Where a picture shows up in the listing below, omit it and output the rest exactly.

Data section
★ ★ ★ ★ ★
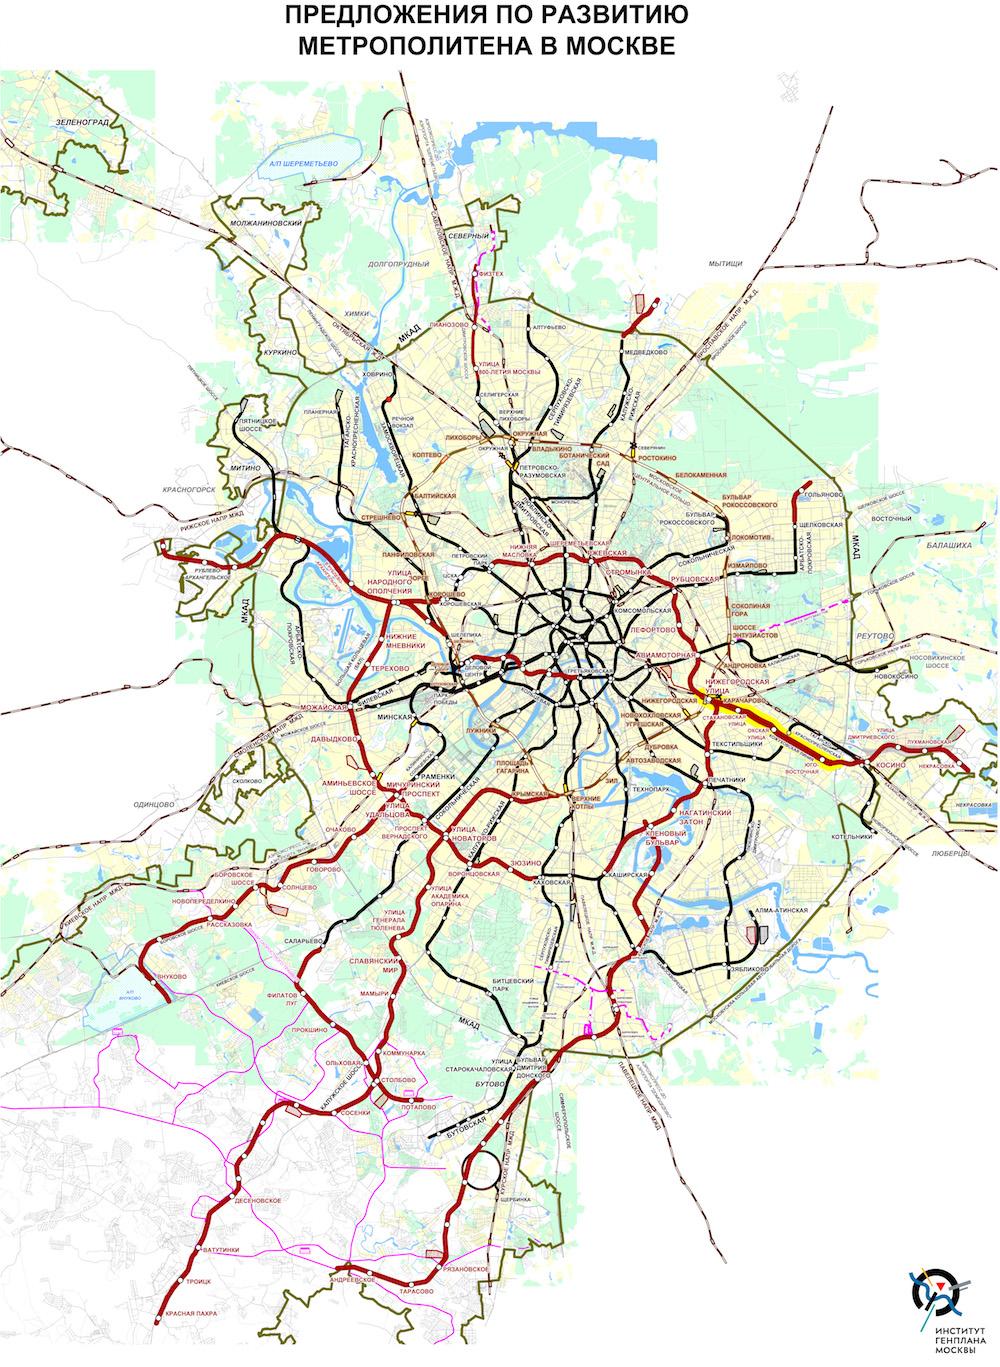 Moscow Metro Future Map (January 2019) © ГАУ «Институт Генплана Москвы», 2019
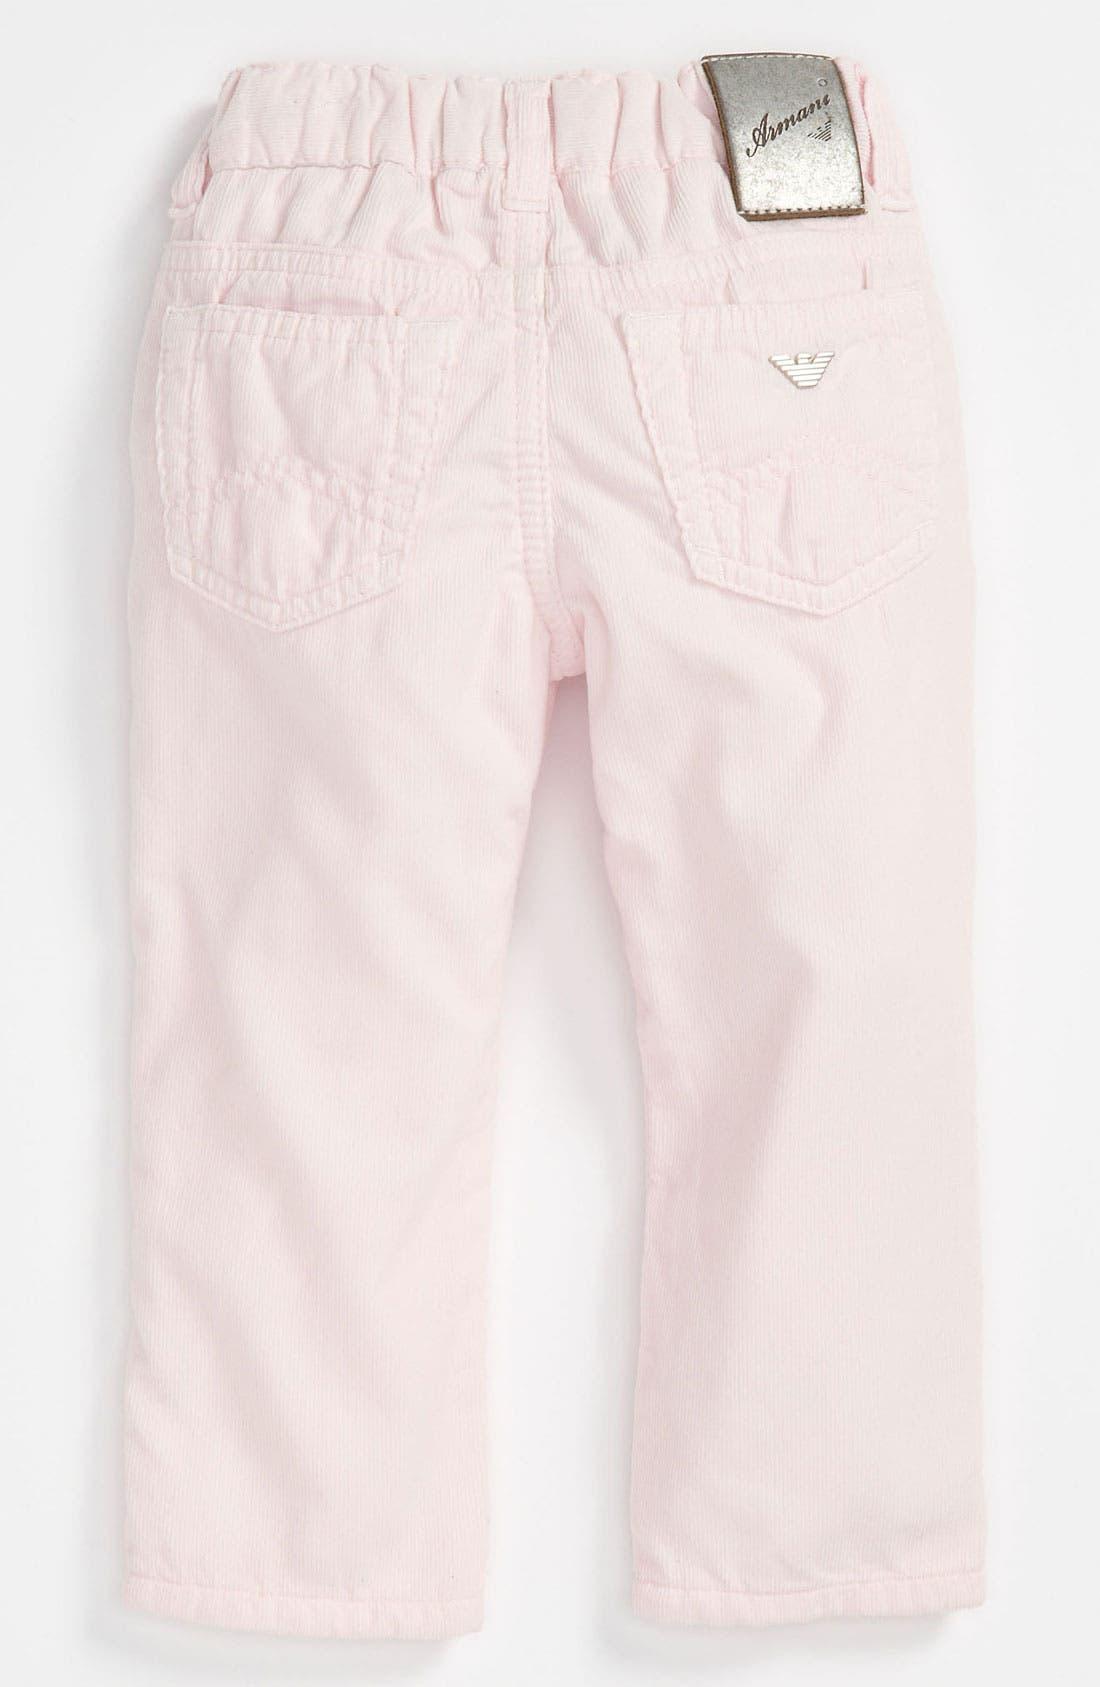 Main Image - Armani Junior Corduroy Pants (Infant)
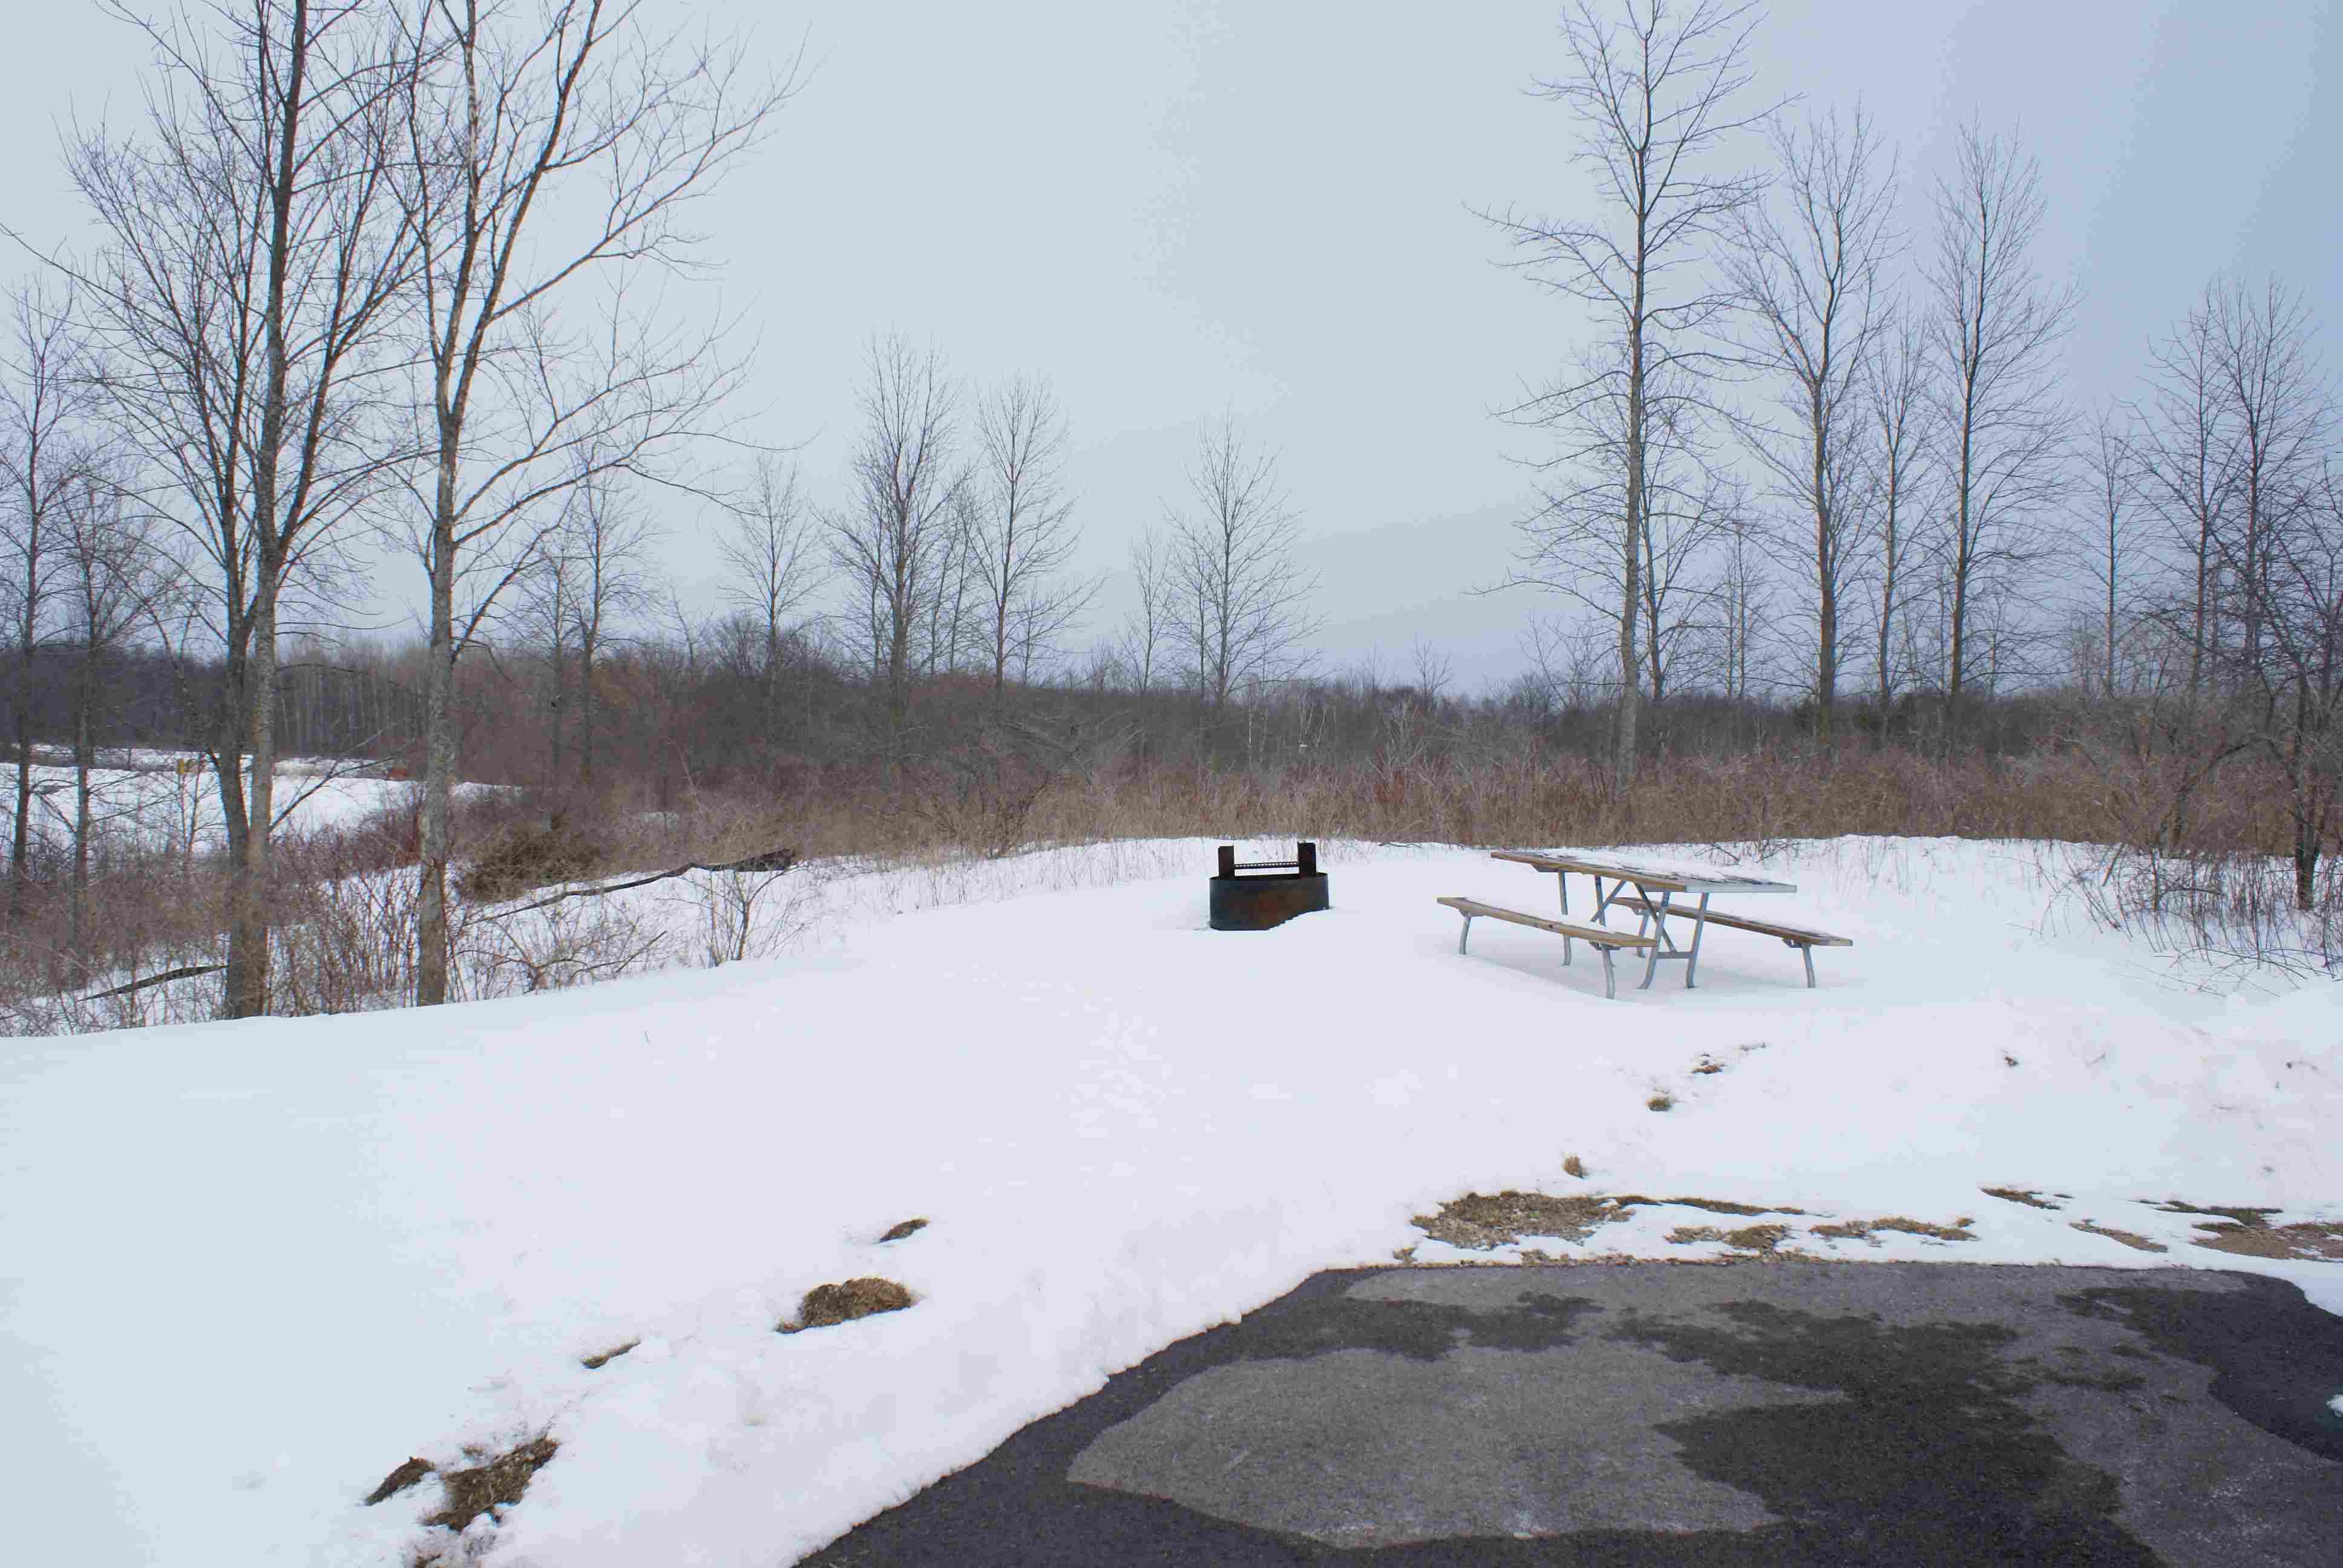 Harrington Beach State Park Campground Wisconsin in winter
★ ★ ★ ★ ★
Answer to the problem
 Moscow Metro Future Map (January 2019) © ГАУ «Институт Генплана Москвы», 2019
 Main Image - Armani Junior Corduroy Pants (Infant)
 Harrington Beach State Park Campground Wisconsin in winter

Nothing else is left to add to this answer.